Ob´s dafür ne Verwarnung gibt, entscheiden die für dieses Forum zuständigen Moderatoren. Meinen Segen brauchen sie dazu nicht, haben sie aber.

Ich find´s echt daneben hier jetzt wieder persönliche Anfeindungen aufflammen zu lassen. Lasst den Scheixx und bleibt sachlich.


----------



## Brassenwürger (29. Juli 2008)

*AW: Deutsche misshandeln gefangenen Wels*

Das Einfachste wäre, den Thread jetzt dicht zu machen.Alles wesentliche ist gesagt, alle haben sich ausgeko***! Bevor das hier entartet, wech damit und gut ist. Gibt doch viel angenehmere Sachen, über die man diskutieren kann....
Sonst gibt´s nur wieder Zoff, Gestänker und Verwarnungen. Muss doch nicht sein, oder...?#d


----------



## Acipenser (29. Juli 2008)

*AW: Deutsche misshandeln gefangenen Wels*

@Brassenwürger: hast vollkommen recht. Die Tierrechtsfetischisten reiben sich still vergnügt die Hände, die brauchen erst garnicht einzugreifen, da wir es bestens verstehen, uns selbst fertig zu machen. 

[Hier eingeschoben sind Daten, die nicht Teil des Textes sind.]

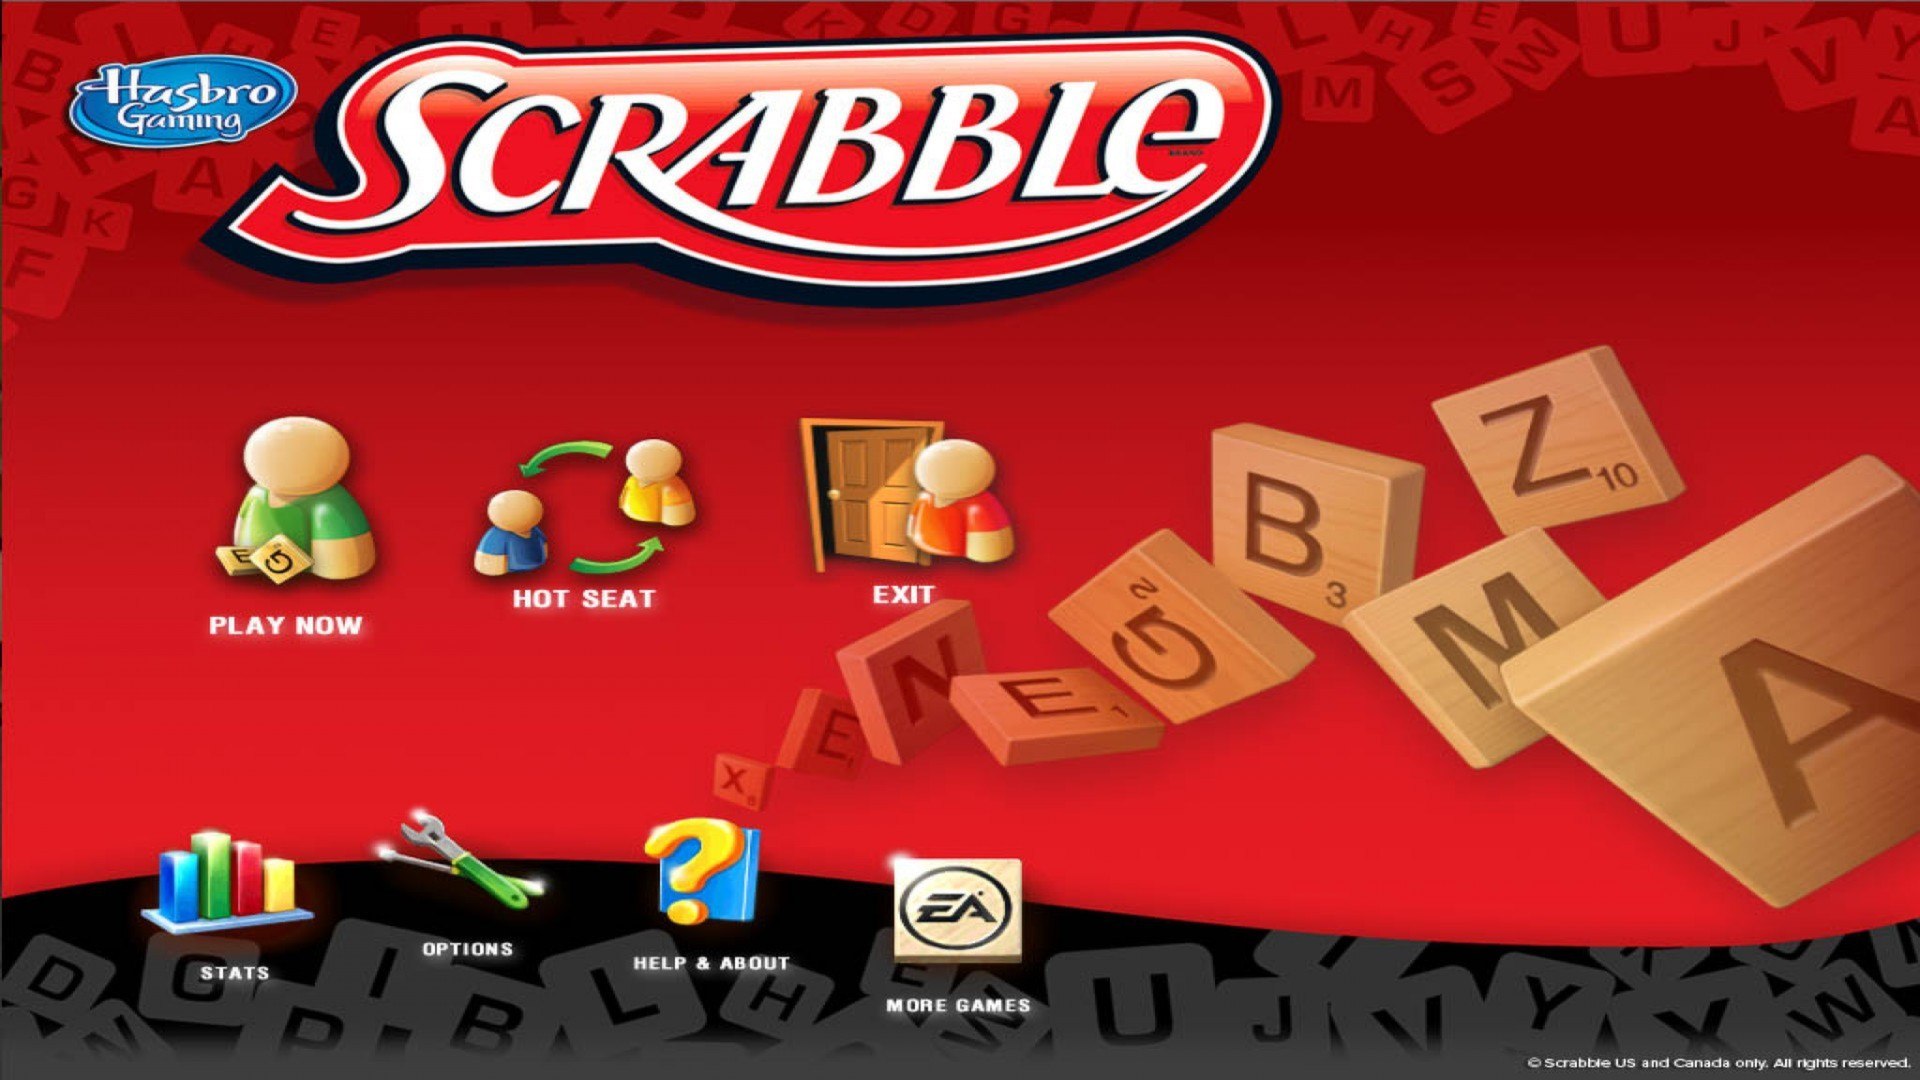 Scrabble Steam Gift [USD 564.97]

Ich wechsel doch lieber wieder zu den Fischrezepten, das ist anregender.

Mahlzeit


----------



## Brassenwürger (30. Juli 2008)

*AW: Deutsche misshandeln gefangenen Wels*



Acipenser schrieb:


> @Brassenwürger: hast vollkommen recht. Die Tierrechtsfetischisten reiben sich still vergnügt die Hände, die brauchen erst garnicht einzugreifen, da wir es bestens verstehen, uns selbst fertig zu machen.
> 
> Ich wechsel doch lieber wieder zu den Fischrezepten, das ist anregender.
> 
> Mahlzeit


 
Eben, voll meine Meinung...#6Es ist es nicht wert, sich wegen solchem Blödsinn zu zoffen...


----------



## goeddoek (30. Juli 2008)

*AW: Deutsche misshandeln gefangenen Wels*



Brassenwürger schrieb:


> Eben, voll meine Meinung...#6Es ist es nicht wert, sich wegen solchem Blödsinn zu zoffen...




Vollkommen richtig #6 #6

Und die Meisten hier argumentieren sachlich und benehmen sich, auch wenn sie verschiedener Meinung sind.
Würde ich den Thread schliessen, würde diesen "Hansels" Genüge getan.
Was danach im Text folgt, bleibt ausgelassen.